Bayougraphy

Stomp Down Is Houston's Newest Music Label With A Stacked Roster

Meet the two young business professionals leading the city’s most flourishing Hip-Hop talent.

By Shelby Stewart January 4, 2022 Published in the Winter 2021 issue of Houstonia Magazine

From left, Toby Oniyitan and Ezra Averill.

Toby Oniyitan, CEO, and Ezra Averill, President of Stomp Down Entertainment sit at the helm of the new era of sound in Houston. Together, both create a localized effort to bring an acclaimed sound back to the Bayou City. After launching the successful careers of rappers Maxo Kream and Tay-K in Los Angeles, in April 2020, the pair decided to come back to their roots in Texas; outlining a vision to build Houston’s musical infrastructure. In an attempt to position Houston to stand alongside other major music hubs like Los Angeles, New York, and Atlanta.

While the two say their firm is “very much in its infancy,” and that the imprint has yet to reach its peak, they’ve made significant waves in the music industry. Stomp Down is the manifestation of the nation’s most diverse city. Artists under the umbrella have received national plaudits for their works, like Reggie’s latest with St. Louis artist Smino, “Avalanche” and flourishing young talent Monaleo’s “Beating Down Yo Block.”

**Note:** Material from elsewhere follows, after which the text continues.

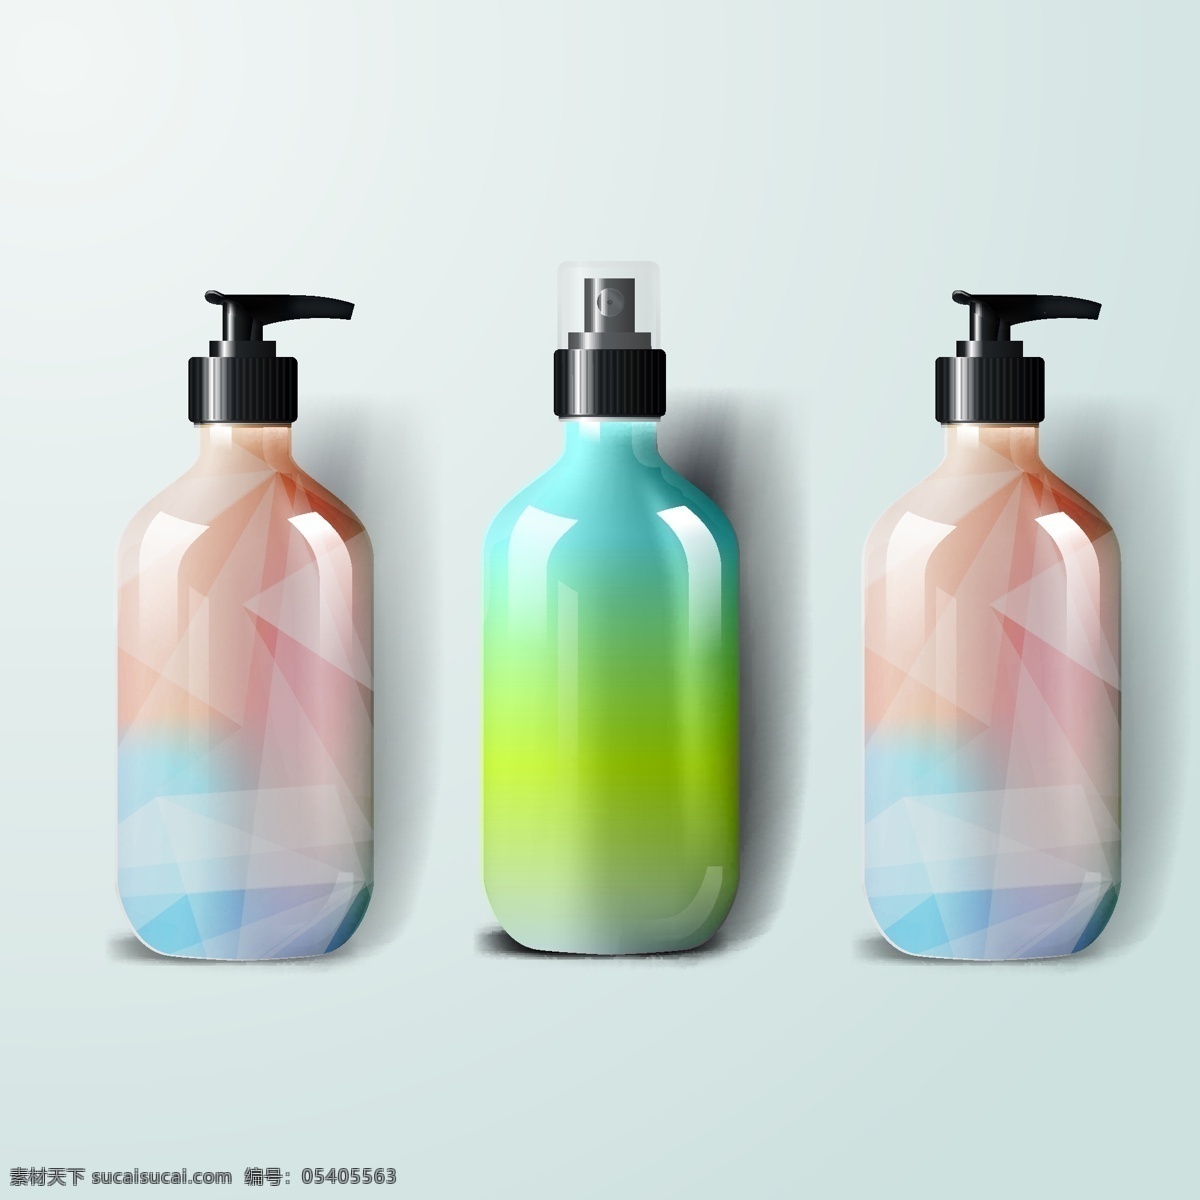 洗头水 沐浴露瓶 洗头水瓶 包装设计 产品设计 瓶外包装设计 矢量

“Houston being the cultural mecca of Texas, we figured our footprint—and our stomp—would be louder,” Averill shared a similar sentiment, being an Arlington native. “I came to Houston and I fell in love with it, because there are so many different worlds within Houston, and we’ve lived in so many different places and occupied all these spaces, so we want to bring all of that back here.”

As teenagers, the pair worked closely with friends and family members to get their first tastes of the music business. Oniyitan, a Nigerian-American Houston native, is a cousin of Alief emcee Maxo Kream, and Averill is a best friend of North Texas rapper Tay-K. The two connected to conceive Stomp Down because collectively, they fit together, like the missing pieces of the metaphorical puzzle of music industry success.

Oniyitan began to fully manage Maxo Kream in 2014, following the release of the Houston rapper’s 2013 effort, Quicc Strikes. On the other hand, Averill, now 20, who’s affinity for rap music precedes his age, recalls hosting concerts in Dallas as a teen, which eventually led to him managing Tay-K, and taking meetings in the bathroom in high school.

“I was 15 years old and I didn’t know what I was doing,” Averill recalls. “You can read as many books as you want, but nothing prepares you for those viral moments,” he says, reflecting on the meteoric rise of Tay-K’s 2017 platinum record, “The Race.” It’s a bombastic, police-taunting track that details the rapper’s violent past, and evading arrest. Tay-K was later sentenced in 2019 to 55 years in prison on a murder charge stemming from that incident. The duo’s decision to return to Houston comes after spending nearly two years in Los Angeles, independently managing artists, where their work quickly became a “mundane cycle of life,” according to Averill. The two were managing a plethora of artists, who—at the height of streaming—could go viral overnight, and labels were eager to sign them. “We were running around California, getting deals for artists, ” Oniyitan explains.

“I didn’t want our lives to become a rat race, so we decided to scale things back, and move more intentionally.” The two took time to reevaluate the work they were doing, shifted gears, and fixated on creating a lasting legacy more attuned to their roots.

The Stomp Down conglomerate is broken up into two parts—artist management and the music label. The multifaceted entertainment group was founded solely to manage artists, but quickly broadened its scope to pursue other entertainment-related ventures, such as movies, and even sports. “We come from the management world, but we approach all of our other ventures with that same managerial mindset,” Averill says.

The two work together to champion the street-certified sounds of Maxo Kream, the resurgence of punk rock with Fade Em All, and serve as managers for rising Houston stars Guapo, Reggie, and Monaleo. Filled with contrasting sounds with different motifs, the local camp aims for each of its artists to blaze their paths in music, while simultaneously carrying the Houston torch heralded by the legends before them like Pimp C, Bun B, and Slim Thug.

Their vision for the future is to expand their reach much further, but first they want to solidify where they stand in the rap game. “We’re focused on making Houston a mainstay in hip-hop again. We want Texas to be a permanent figure in music—touching all these different people and making an impact, leaving a legacy.”